今回の投稿は【第9回二ツ樹五輪プロジェクト】その無限の先へ 第4巻出版(*´∀`*)の「二ツ樹五輪 次回Web投稿作品選定コース(限定7名)」に支援頂いた月神さんへのリターンとなります。(*´∀`*)




 それは、言ってしまえば幼少期の環境と体験が性根を歪ませたというだけの話でしかない。

 形や大小の差こそあれど、誰もがどこかで抱えるようなコンプレックスが解消も爆発もせず内側で燻ぶり続けているだけの事なのだ。

 そのコンプレックスの対象が、俺の場合は家族、引いては唯一の無二の才能を持ち、それを活かせる者だった。

 単純に実力を持つ者、用量を掴むのが上手い者、あるいは努力を怠らない者でも、それを血肉とする事に秀でている者でもない。ましてや複数分野で活躍するような者でもない。そんなものはどこまでいっても程度の違いでしかないというのが俺の持論で、どれだけ秀でていても対象に含まれたりはしない。

 俺とってのコンプレックスの対象は、どう考えても理屈に合わない突出した才覚を示す者。だった一人でも時代を変え、ブレイクスルーをもたらす者。いろんな意味で煮詰まり切ったこの現代社会において尚、各分野で天才と呼ばれるような本物が嫌いだった。

 持たざる者の嫉妬というのとはちょっと違う。自分がそう在りたいという願望すら抱かない。抱くのは単なる嫌悪感だ。


 人類の中でもトップクラスの怪物である柳良正。最年少で官僚になったらしい才媛十和田遙。胡散臭い面接官山岸道。ここ最近、一般的に見れば飛び抜けて優秀な人たちと相対してきたが、そういう人に思うところはないし、俺のコンプレックスセンサーは反応しない。

 伊藤美柑、東堂ユウリなど、普通にカテゴライズされる者も同じ。そこに人生の中で優秀……自分には絶対にできないと感じるような差を感じる者を含めても同様。

 ならば、現在の地球文明圏最強である滝沢コウはどうなのかと聞かれても同じだ。おそらく、他のシンについても。

 ここまで無数に弾丸を叩き込んできた対戦相手だって例外はない。ついでに、あの狂犬ガランもだ。

 唯一判断できないのは、あまりに存在の格が違い過ぎて測れないりんごくらいで、そうそう引っ掛かる相手はいないのが俺の嫌いなタイプである。

 極端に狭い範囲のカテゴライズだ。大半の人はそれを認識できず、存在に気付きもしない。幼少期からその傍に在り、比較され、打ちのめされた者だからこそ分かるセンサーのようなものだ。

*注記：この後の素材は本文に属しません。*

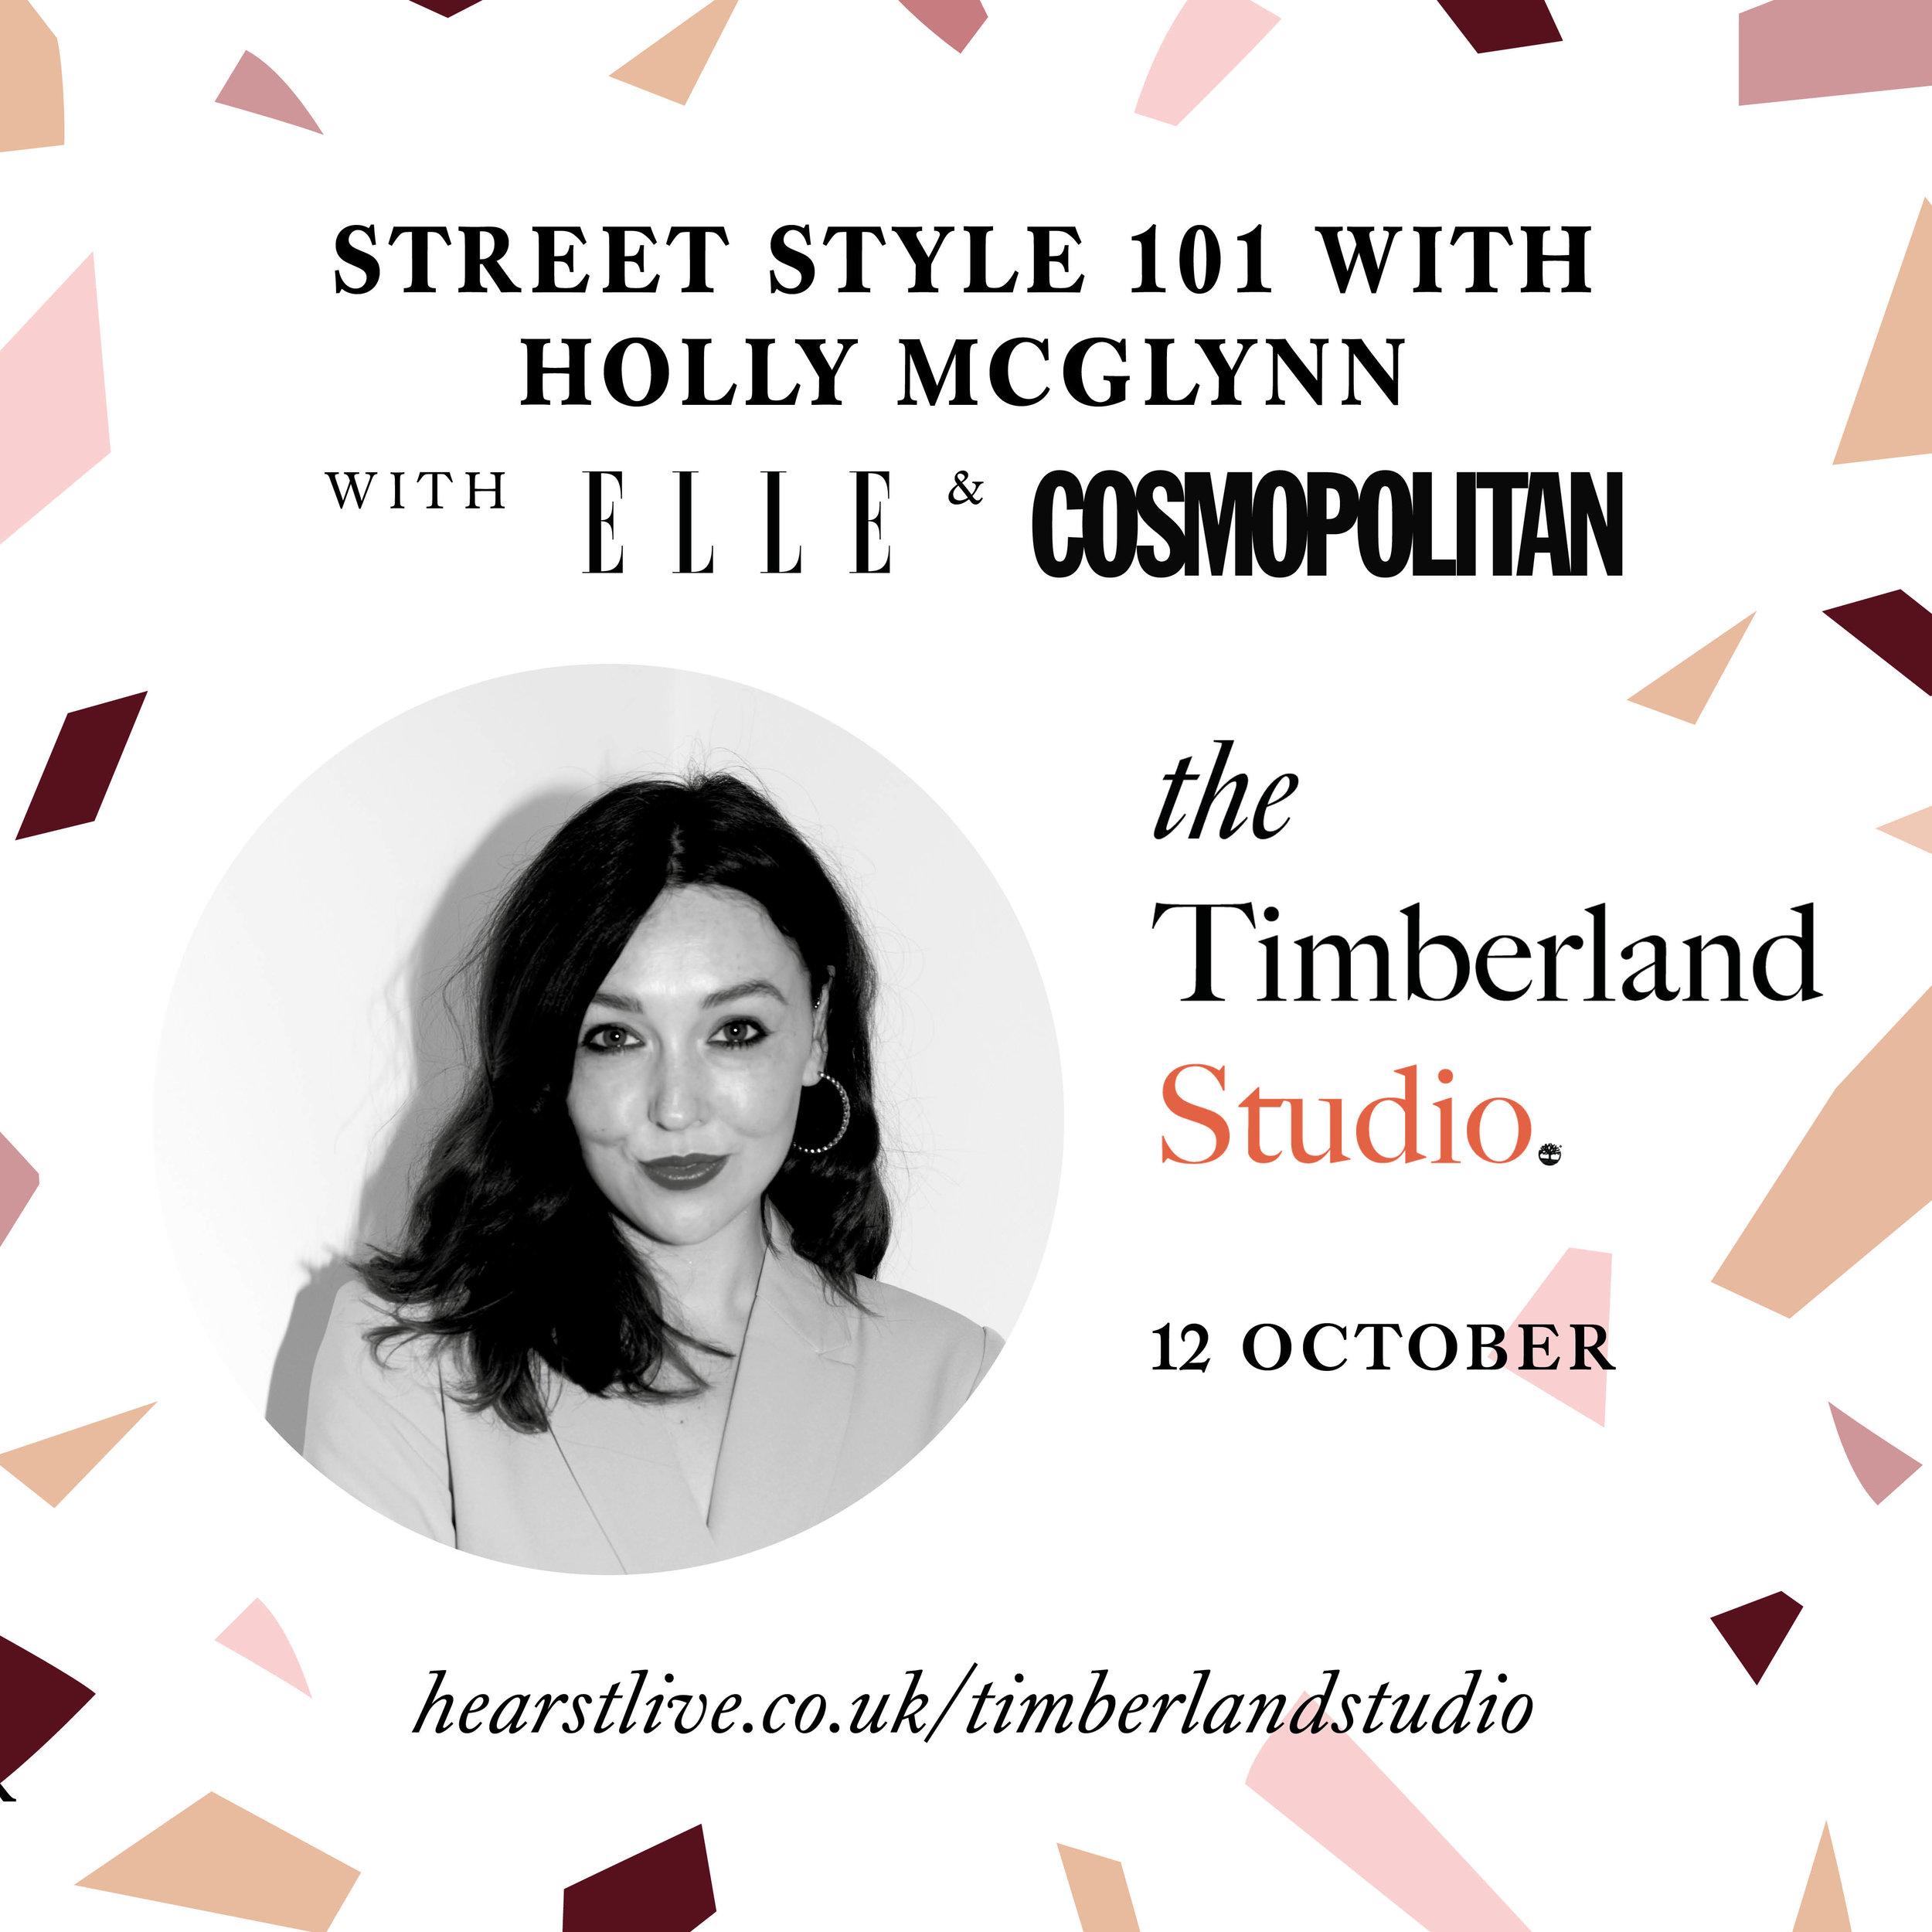 Street style 101 panel - The Timberland Studio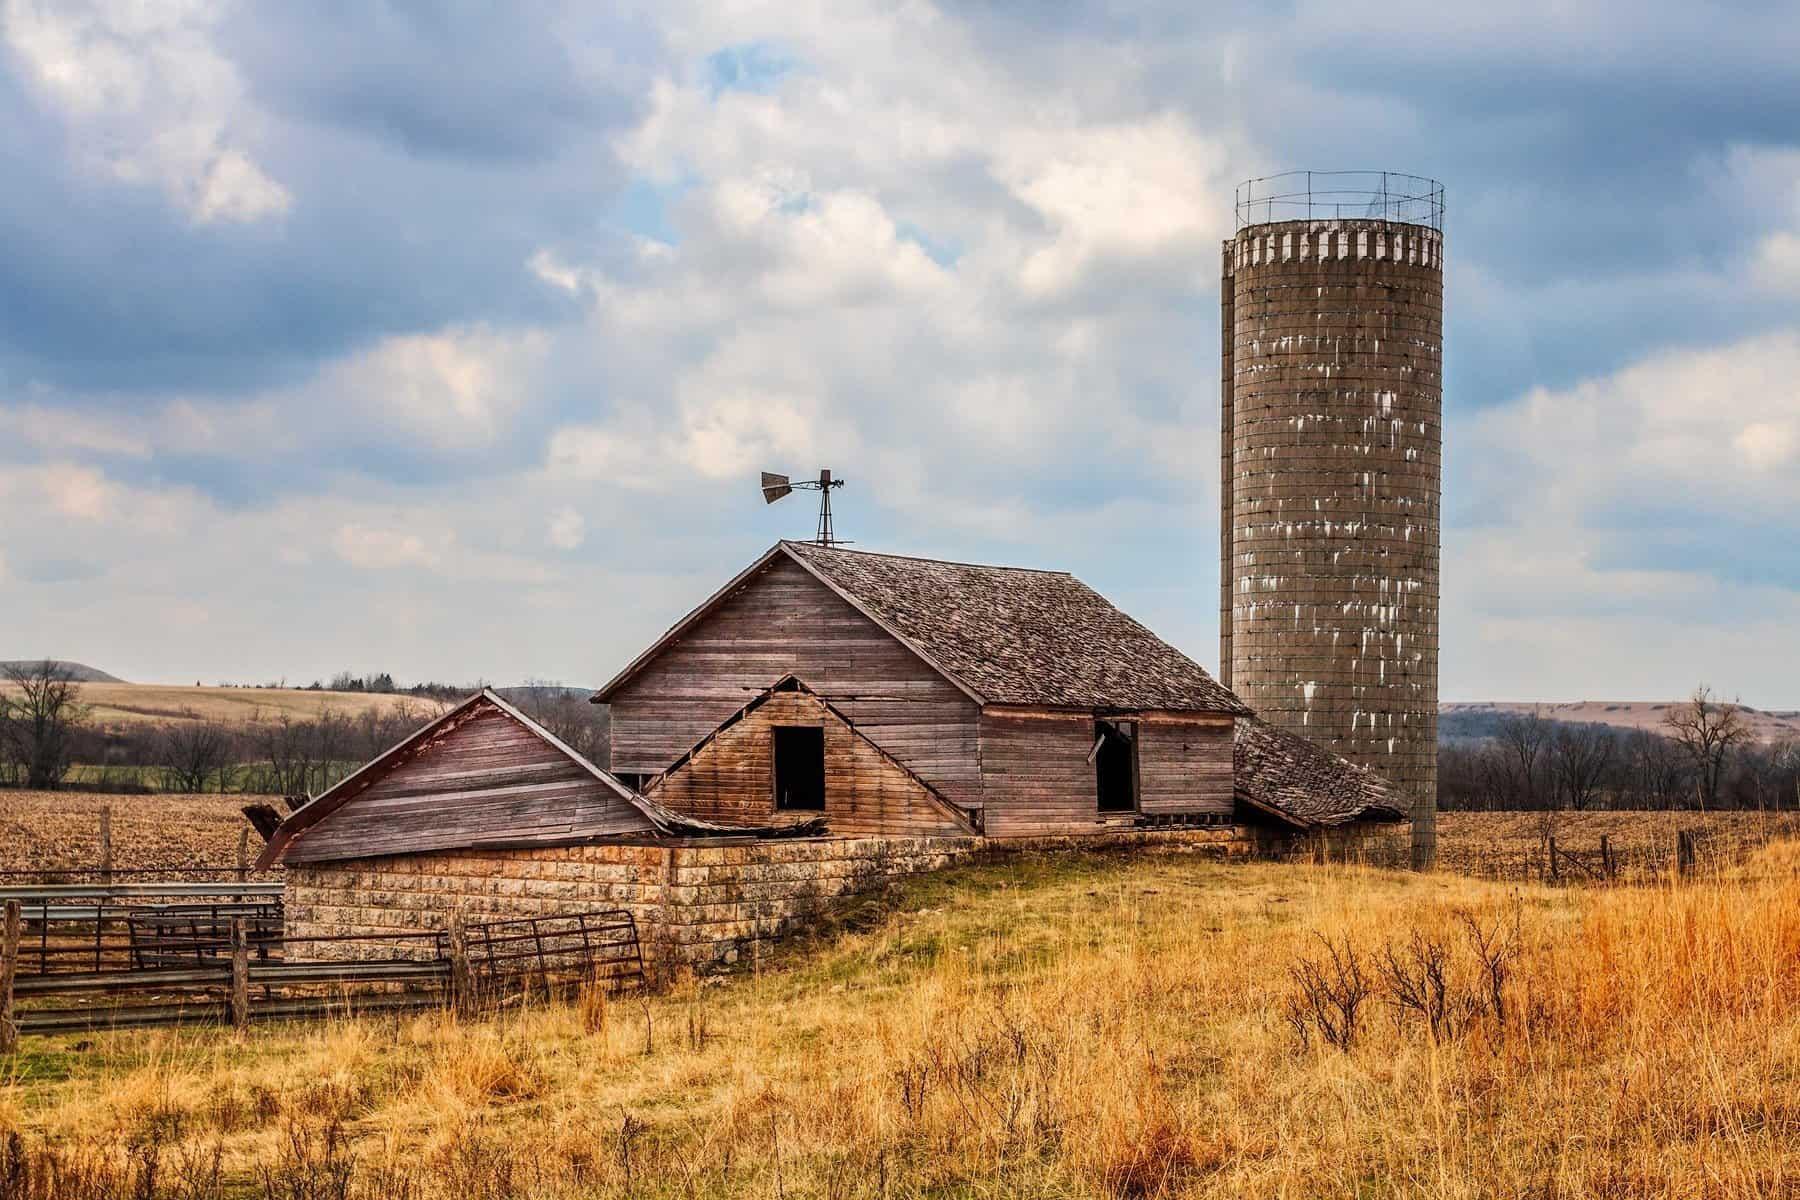 Old barn and silo photo

 今回戦った相手、片仮名変換されてペイザータという名らしいあいつはその類だった。極小の範囲に含まれる嫌悪の対象。

 試合後に情報を購入して確認した限り、現時点ではその片鱗が見えるだけで、周囲の評価すら芳しくないらしい。本人も気付いているかどうかは怪しい。しかし、直接対峙した俺にははっきりと分かる。アレは俺の嫌いなタイプだと。

 たった一度、死闘を演じただけで分かってしまうほどに俺のセンサーは鋭敏で、容赦なくトラウマを抉ってくる。久しぶりにそれを実感させられてしまった。


 こんな事になった原因は俺の置かれた環境にある。家を出るまでの幼少期に記憶された中、それはいつも存在していた。

 不世出の神童。いろんな意味で煮詰まり切ったこの現代にあってさえそう呼ばれるほどの傑物が俺の兄だった。目に見えるものではなく、どこでも何かしらの結果を出す。結果以上を示し続ける。ついていけば何かをやってくれそうな気にさせる。集団の中にあって、誰が見ても惹きつけられる。そんな存在だ。

 そんな怪物の弟となれば誰もが期待し、比較するが、どう足掻いて一般人カテゴリからは逸脱しない者には荷が重い。無数の侮蔑、軽蔑、嘲笑の視線を受けながら、俺は早々に折れた。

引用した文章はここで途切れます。